Stocking up on supplies was easy and since my apartment is solid concrete, I knew that I wouldn't have any real damage aside from a possible broken window. Moreover, because there is only one window in my apartment, actually a large sliding door, I knew I could take refuge in the kitchen, shower, or toilet room.
As Typhoon Neguri closed in on Okinawa, the typhoon suddenly changed course and the center would slightly miss Okinawa but travel close to the west of the island. Although it wouldn't be considered a direct hit, I knew from experience that the inner and outer bands could cause enough damage to shut down the island. This was a massive typhoon, or so it seemed compared to the tiny, tiny island that is Okinawa.
It's customary in Florida to have the day off before a hurricane strikes in order to party prepare or evacuate. I assume the Okinawa would take the same precautions, but boy was I wrong. The day before the typhoon I was beside myself with anger. The principal called an emergency meeting and announced that if the buses canceled their services for the following day, we were not to come to work but take nenkyuu (paid holiday).
Did you read what I just wrote?
I had to wait for Okinawa's bus companies to cancel their services in order to know whether or not schools would be closed! When the f$%# did bus companies become meteorologists? And why do I have to take a paid holiday off?
No one at work could confirm that school would be canceled. When I asked, their response was 「台風くるかなぁ」 or "Will the typhoon come?" I just mentally screamed, "Will the typhoon come?! The f%&$ do you mean will it come? It's coming people!" I could not handle the bureaucracy and although I love Japan and Okinawa, their vagueness over something as serious as a natural disaster really "tap danced on my nerves." Later that Monday evening, the bus companies canceled services for the following day.

See that long island to the right of the eye? That's Okinawa!
I moved my dead potted plants and drying rack inside and awaited the storm. Later in the night I heard the winds pick up, but I peacefully slept through the night. Tuesday morning, Typhoon Neoguri hit Okinawa with relentless winds. When I looked outside, I saw telephone polls, power lines and trees swaying in the wind. My apartment, which was built to withstand earthquakes, also began to gently sway. My phone rang constantly with emergency text warning various cities to evacuate due to landslides and flood, and it wasn't before long that I lost power.

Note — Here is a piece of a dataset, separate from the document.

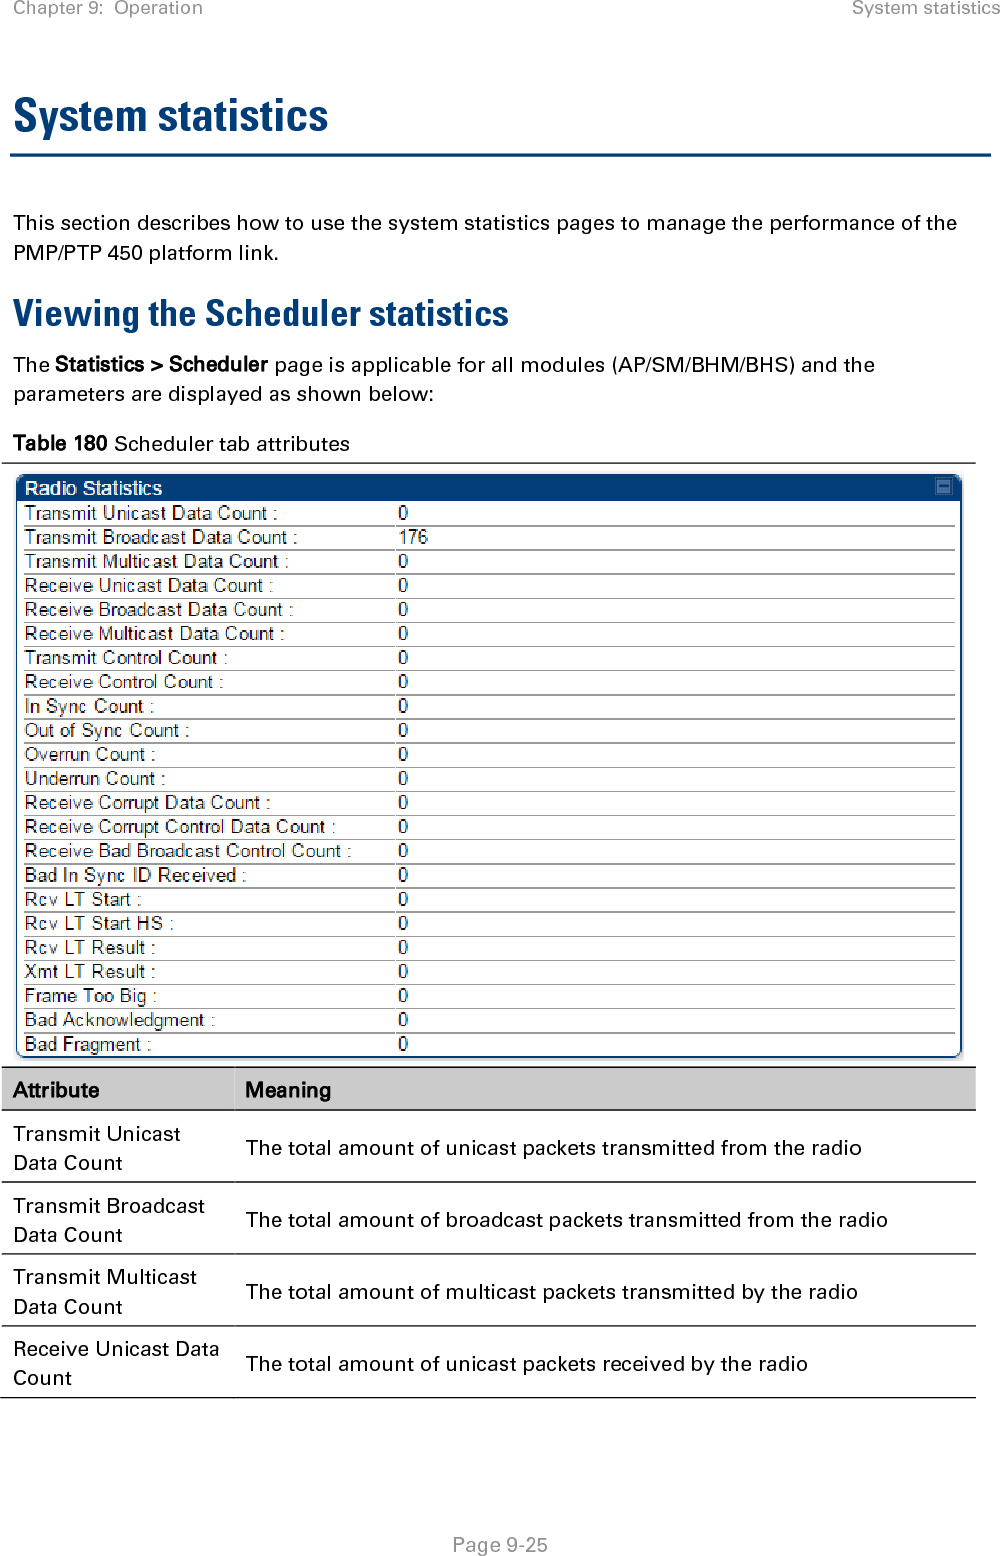 Chapter 9:  Operation System statistics   Page 9-25 System statistics This section describes how to use the system statistics pages to manage the performance of the PMP/PTP 450 platform link. Viewing the Scheduler statistics The Statistics &gt; Scheduler page is applicable for all modules (AP/SM/BHM/BHS) and the parameters are displayed as shown below: Table 180 Scheduler tab attributes  Attribute Meaning Transmit Unicast Data Count The total amount of unicast packets transmitted from the radio Transmit Broadcast Data Count The total amount of broadcast packets transmitted from the radio Transmit Multicast Data Count The total amount of multicast packets transmitted by the radio Receive Unicast Data Count The total amount of unicast packets received by the radio

I spent most of the morning messaging friends and family, but I kept my phone powered by using my laptop and an external Iphone battery. I read books and played DS the entire day until I feel asleep.
We had a meme off that day. My messages are on the right
The following morning, no one knew what to do about work. The buses had resumed service, but the weather clearly indicated that the typhoon had not completely passed. I contacted my town's middle school ALT, who told me that he was expected at work. If he was expected at work, then so was I. I began to dress for work but half way through, he sent a text saying morning classes were canceled, and that he was sent home. Later, they said he needed to take nenkyuu for going home, even though they sent him home. It doesn't make sense! I was so confused and, since my classes were canceled, I decided to stay home. Around 1pm, the weather cleared but my phone was down to 3%. I made a trip to the BOE (Wednesday afternoons are my BOE days) to charge all of my electronics. I thought they would question as to why I wasn't at work, but they only asked if I was alright. They are too good to me!
I stayed there playing on the computer working until it was time to leave. The power returned, but the Internet was still down until I contacted my Internet service providers, who sent workers to my apartment.

First typhoon of the season and hopefully the last!